Draugiem, Ltd.
- Company type: Private company
- Website type: Social network service
- Available in: Latvian, Russian, English
- Headquarters: Latvia
- Key people: Lauris Liberts, Founder
- Website: www.draugiem.lv
- Advertising: Banner ads
- Registration: Required
- Launched: April 24, 2004
- Current status: Active

= Draugiem.lv =

Latvian social networking website

Draugiem (For Friends) is a social networking website launched in 2004. It is one of the largest social networking website in Latvia with approximately 2.6 million registered users.

The Draugiem social network operates under the Draugiem Group, an umbrella organisation that owns other IT-related companies which have developed as suppliers of technology to the social network.

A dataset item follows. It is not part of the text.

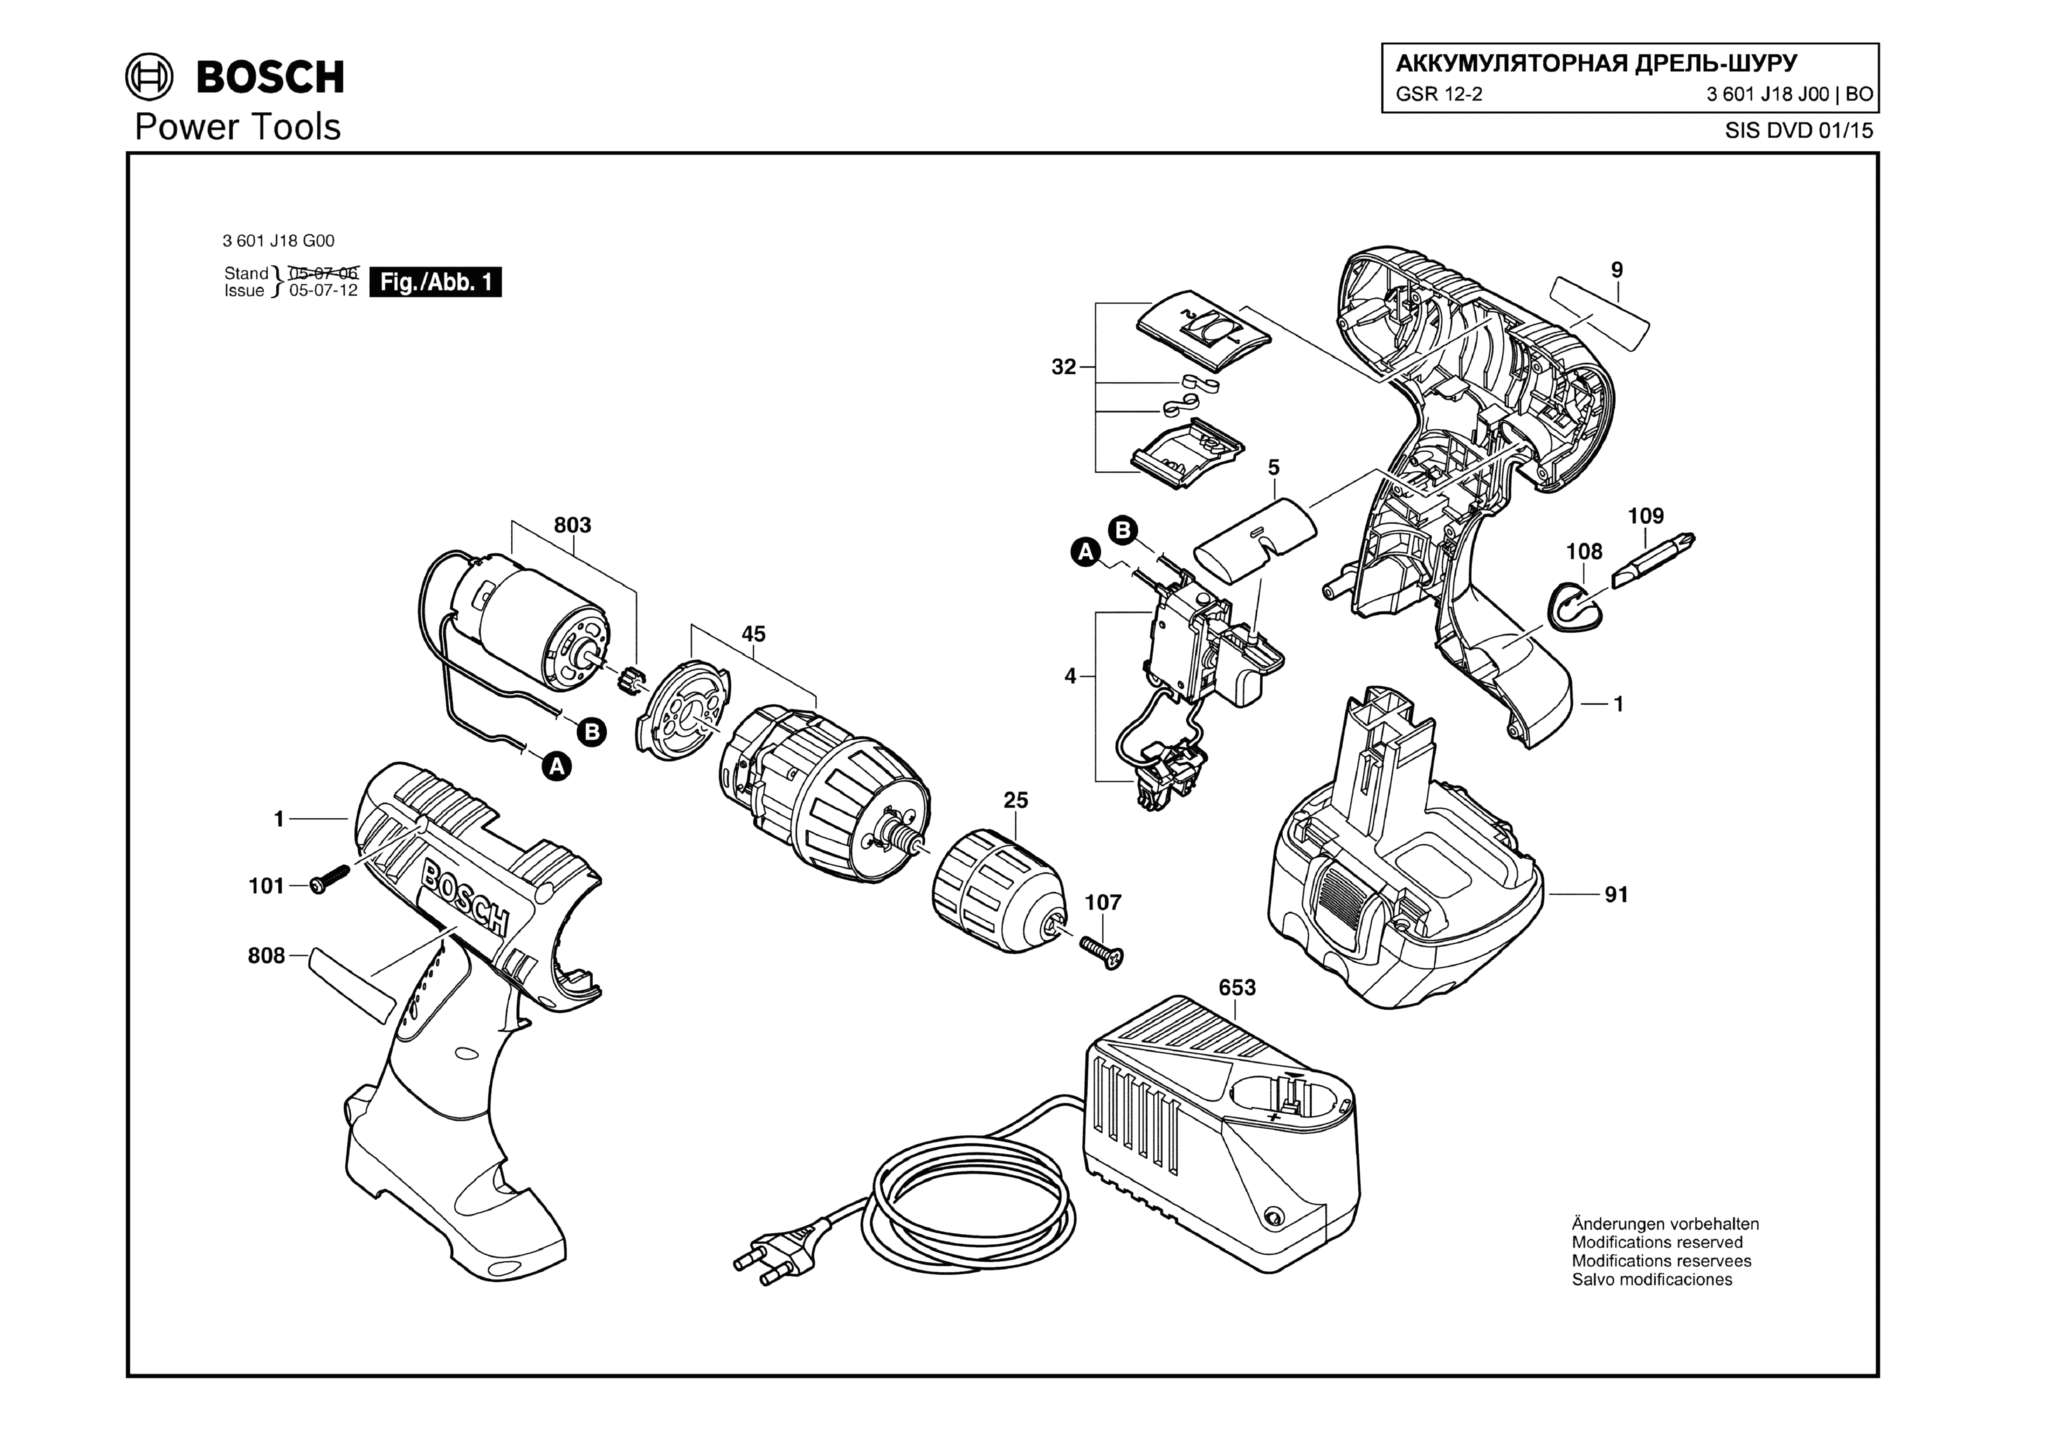 Запчасти, схема и деталировка Bosch GSR 12-2 (ТИП 3601J18J00)
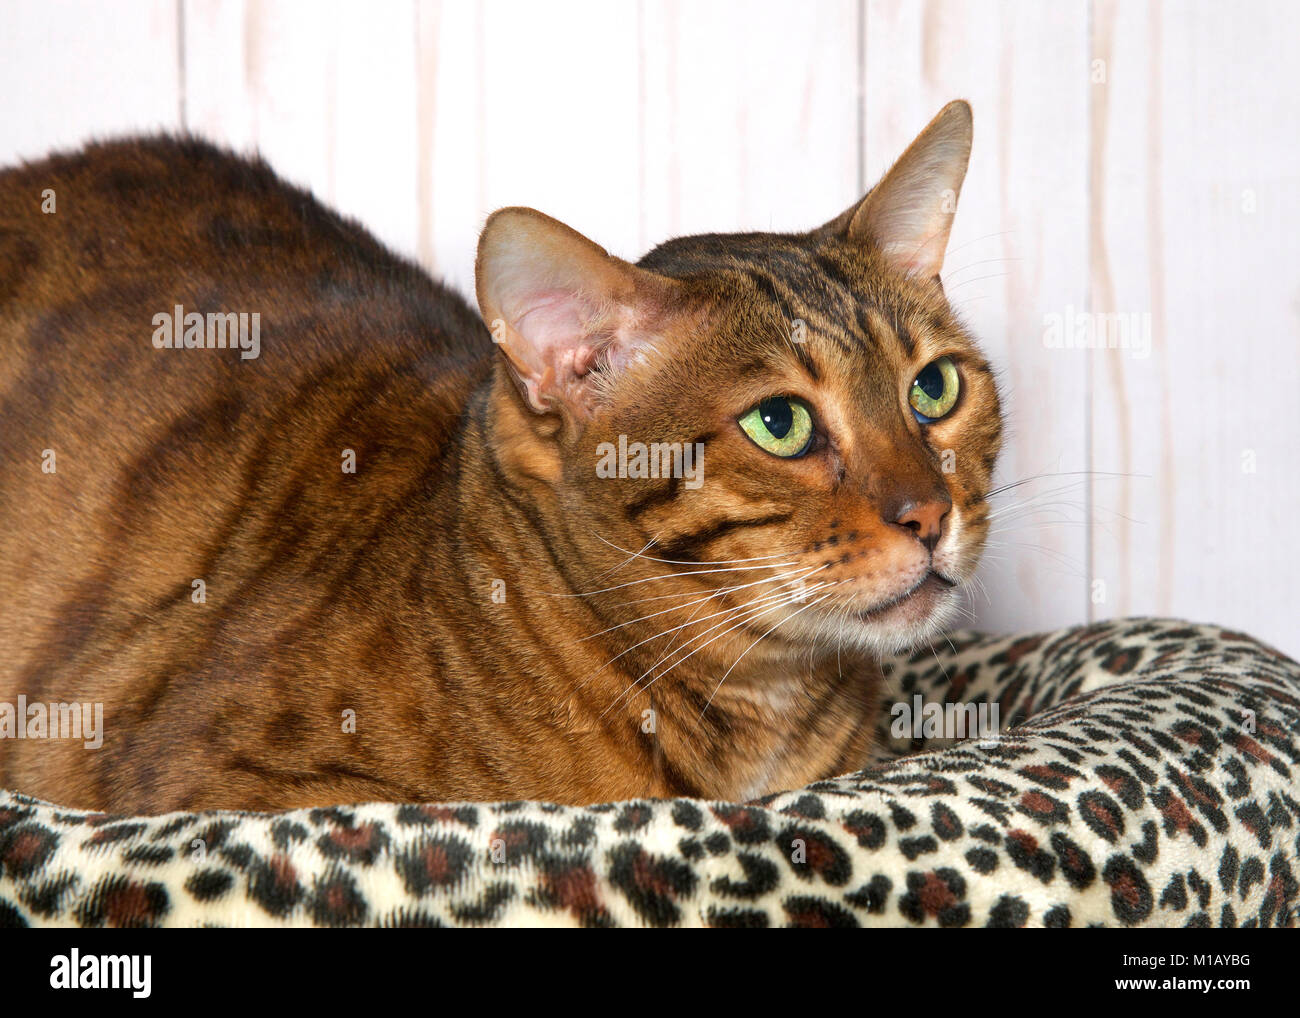 Gatto bengala posa su un ghepardo coperta di stampa con la luce del pannello in legno sfondo a parete. Gli occhi verdi guardando in alto, vista di profilo Foto Stock

The English-language version of Draugiem is known as Frype.com.

==History==
The Draugiem.lv social network was founded in 2004 by Lauris Liberts and Agris Tamanis. In 2007, the company reported that it had reached 1,000,000 users. By 2017, the company had opened offices and facilities in Cēsis, Barcelona, Los Angeles, Charlotte and Tijuana, as well as relocating their Rīga headquarters to a bigger building in the neighborhood of Torņakalns. In 2019, Mapon (part of Draugiem Group) opened offices in Estonia and Finland.

In the 2018 Latvian parliamentary election, on October 6 the main page of Draugiem.lv was hacked and replaced with an image of a Russian flag, Russian president Vladimir Putin and Russian army, as well as text in Russian saying "Latvian comrades, this is for you. Russia's borders are boundless. Russian world can and needs to unite everyone who values Russian culture no matter where they live – in Russia or outside its borders. We recommend using the phrase 'Russian world' more often", while the Russian national anthem played in the background. The website was taken offline and re-opened a few hours later.

== Brands ==

=== Printful ===
Printful was launched in 2013 to provide print-on-demand services. Initially, the company offered 3 products – posters, canvases and t-shirts.

=== Road Games ===
In 2019, the company created Roadgames, an adventure travel game, with an investment of EUR 100,000. The game requires participants to take part in tasks outside, and is intended as a team building activity for organizations.

=== Mapon ===
The Mapon brand was launched in 2006 to provide GPS tracking services for businesses, and is the second largest brand in the Draugiem company with 54 employees and offices in Finland.

=== Fast Brands ===
Fast Brands was launched in 2018 and provides companies with the opportunity to sell products online.